The characters, then, in this kind of narrative are often more or less fictitious, being a combination of traits well-known to the author—traits of different individuals of the type displayed; while in the other kind of artistic short-story, it is the slight course of events that is made up, to fit the actual character and the actual place.

A scrap-book suggestion

Whatever else you do as a writer—even as an amateur one in school—it will surely repay you to keep a scrap-book. The very old adage that facts are stranger than fiction is indisputably true. When in your newspaper reading you run across a fine course of events that is character-revealing, or ought to be, just cut out the report and paste it in your book. Think upon the case leisurely and let the personages develop; then write up the events as simply and swiftly as you can consistent with the effect you mean to produce. Hawthorne's "Ambitious Guest" originated thus.

Other suggestions

If at present you have in mind no series of happenings, suppose you ask some acquaintance what is the strangest course of actual events he ever personally knew about. When he answers you, then question him on the actors concerned, remembering that this time you are going to write not a pure plot story but one that will express the conjunction of character and events. Keep in mind also your present limitations. You do not need to tell everything that might be told about your protagonists; you do not have to follow them from the baptismal font to the marriage altar and from the marriage altar to the grave. You may not know the facts about them connected therewith; you may know only a small portion of their lives; but ten to one you will know more incidents than it is necessary to mention. What you do tell, however, must be absolutely clear. The actual events may have been but a string of episodes in real life, but when you relate them they must appear like a full, round period. Look carefully after your connectives; on them hangs largely the success of your story. It goes without saying that you must have a climax, or highest point. Every sentence that you write before it, even the first, must lead toward it; every sentence that you write after it, even the last, must lead from it. You must ruthlessly suppress any phrase that does not add strength to your chosen scene. Be sure your story has totality.

The Necklace

She was one of those pretty, charming girls who are sometimes, as if through the irony of fate, born into a family of clerks. She was without dowry or expectations, and had no means of becoming known, appreciated, loved, wedded, by any rich or influential man; so she allowed herself to be married to a small clerk belonging to the Ministry of Public Instruction. She dressed plainly because she could not afford to dress well, and was unhappy because she felt she had dropped from her proper station, which for women is a matter of attractiveness, beauty, and grace, rather than of family descent. Good manners, an intuitive knowledge of what is elegant, nimbleness of wit, are the only requirements necessary to place a woman of the people on an equality with one of the aristocracy.

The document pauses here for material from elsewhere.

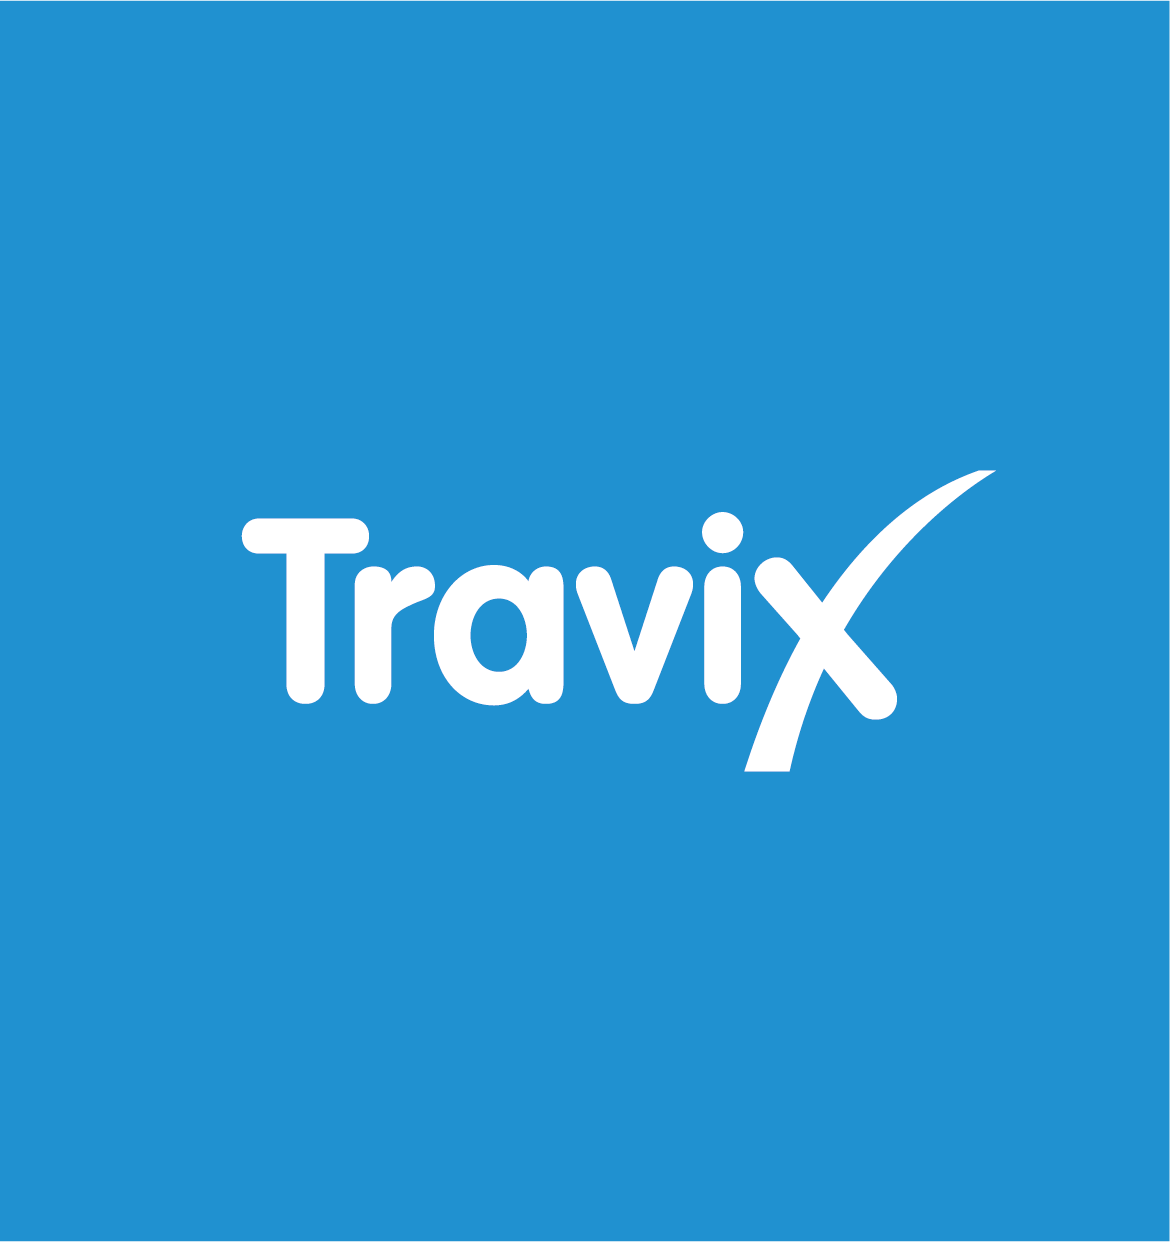 Vayama Logo - travix - Travix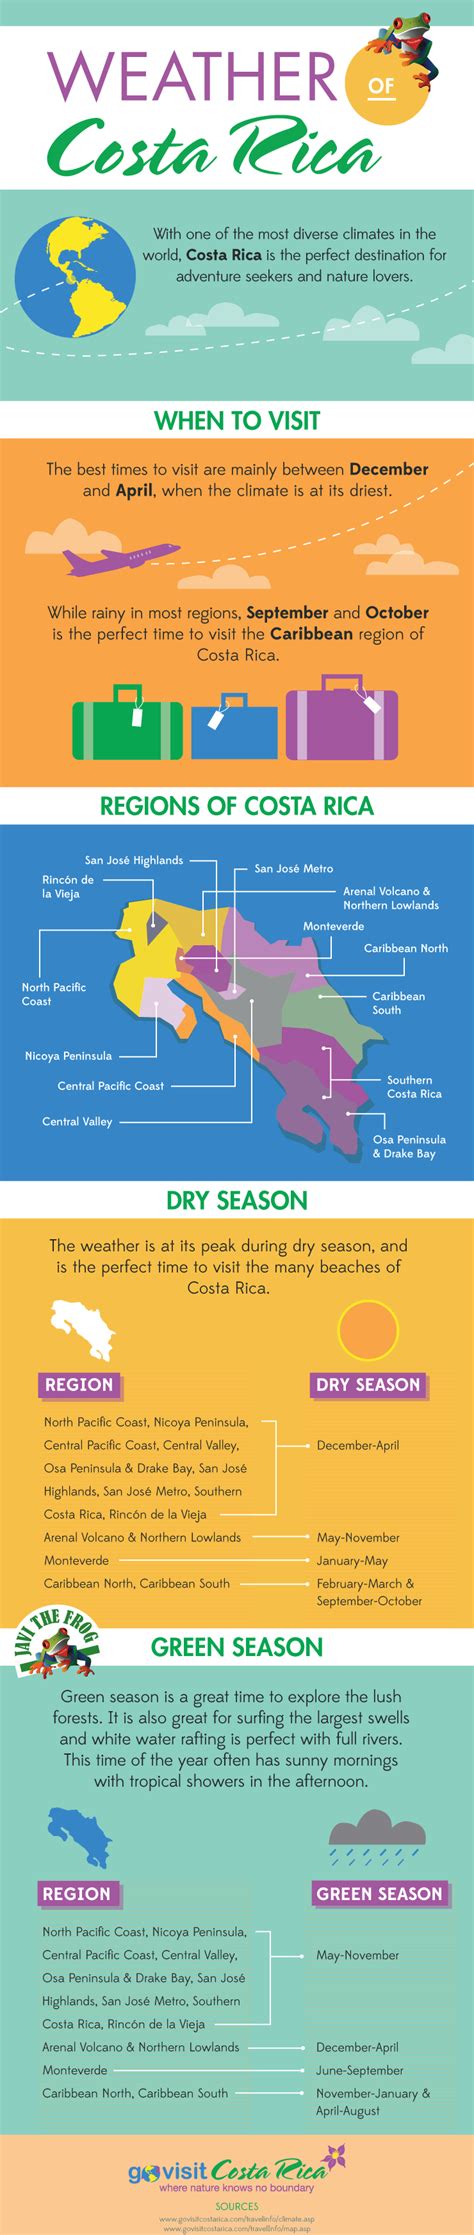 Costa Rica Weather Has Two Distinct Seasons High And Green Season Go

She fretted constantly, feeling all things delicate and luxurious to be her birthright. She suffered on account of the meagreness of her surroundings, the bareness of the walls, the tarnished furniture, the ugly curtains; deficiencies which would have left any other woman of her class untouched, irritated and tormented her. The sight of the little Breton peasant who did her humble housework engendered hopeless regrets followed by fantastic dreams. She thought of a noiseless, hallowed anteroom, with Oriental carpets, lighted with tall branching candlesticks of bronze and of two big, knee-breeched footmen, drowsy from the stove-heated air, dozing in great armchairs. She thought of a long drawing-room hung with ancient brocade, of a beautiful cabinet holding priceless curios, of an alluring, scented boudoir intended for five o'clock chats with intimates, with men famous and courted, and whose acquaintance is longed for by all women.

When she sat down to dinner, at the round table spread with a cloth three days old, opposite her husband, who uncovered the tureen, and exclaimed with ecstasy, "Ah, I like a good stew! I know nothing to beat this!" she thought of dainty dinners, of shining plate, of tapestry which peopled the walls with human shapes, and with strange birds flying among fairy trees. And then she thought of delicious viands served in costly dishes, and of murmured gallantries which you listen to with a comfortable smile while you are eating the rose-tinted flesh of a trout or the wing of a quail.

She had no handsome gowns, no jewels—nothing, though these were her whole life; it was these that meant existence to her. She would so have liked to please, to be thought fascinating, to be envied, to be sought out. She had a friend, a former schoolmate at the convent, who was very rich, but whom she did not like to go to see any more because she would come home jealous, covetous.